Hushmail - Compromises To Email Privacy

Compromises To Email Privacy

Until September 2007, Hushmail received generally favorable reviews in the press. It was believed that possible threats, such as demands from the legal system to reveal the content of traffic through the system, were not as imminent in Canada as they are in the United States and if data were to be handed over encrypted messages would be available only in encrypted form.

However, developments in November 2007 led to doubts among security-conscious users about Hushmail's security and concern over a backdoor. Hushmail has turned over cleartext copies of private e-mail messages associated with several addresses at the request of law enforcement agencies under a Mutual Legal Assistance Treaty with the United States.

An example of this behavior is in the case of U.S. v. Tyler Stumbo. In addition, the contents of emails between Hushmail addresses were analyzed, and a total of 12 CDs were turned over to US authorities. Hushmail also now states that it also logs IP addresses in order "to analyze market trends, gather broad demographic information, and prevent abuse of our services."

Hush Communications, the company that provides Hushmail, states that it will not release any user data without a court order from the Supreme Court of British Columbia, Canada, and that other countries seeking access to user data must apply to the government of Canada via an applicable Mutual Legal Assistance Treaty. Hushmail states that "...That means that there is no guarantee that we will not be compelled, under a court order issued by the Supreme Court of British Columbia, Canada, to treat a user named in a court order differently, and compromise that user's privacy." and additionally "...If a court order has been issued by the Supreme Court of British Columbia compelling us to reveal the content of your encrypted email, the "attacker" could be Hush Communications, the actual service provider."

The issue originally revolved around the use of the non-Java version of the Hush system. It performed the encrypt and decrypt steps on Hush's servers and then used SSL to transmit the data to the user.
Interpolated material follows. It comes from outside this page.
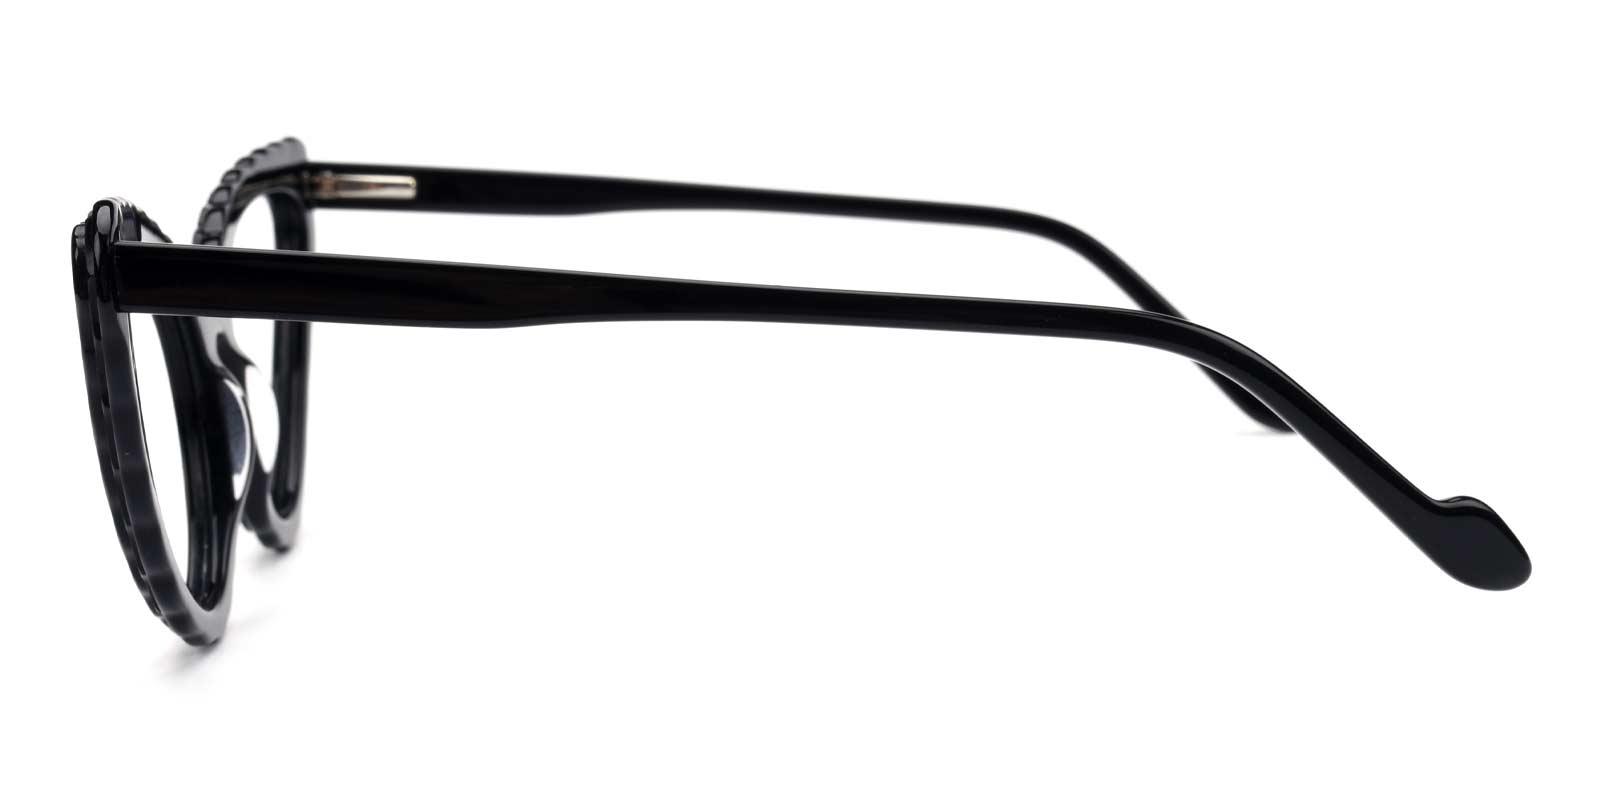 Barry-Black-Cat-Acetate-Eyeglasses-detail

The data is available as cleartext during this small window; additionally the passphrase can be captured at this point. This facilitates the decryption of all stored messages and future messages using this passphrase.

Hushmail has stated that the Java version is also vulnerable in that they may be compelled to deliver a compromised java applet to a user.
Hushmail recommends using non web-based services such as GnuPG and PGP Desktop for those who need stronger security.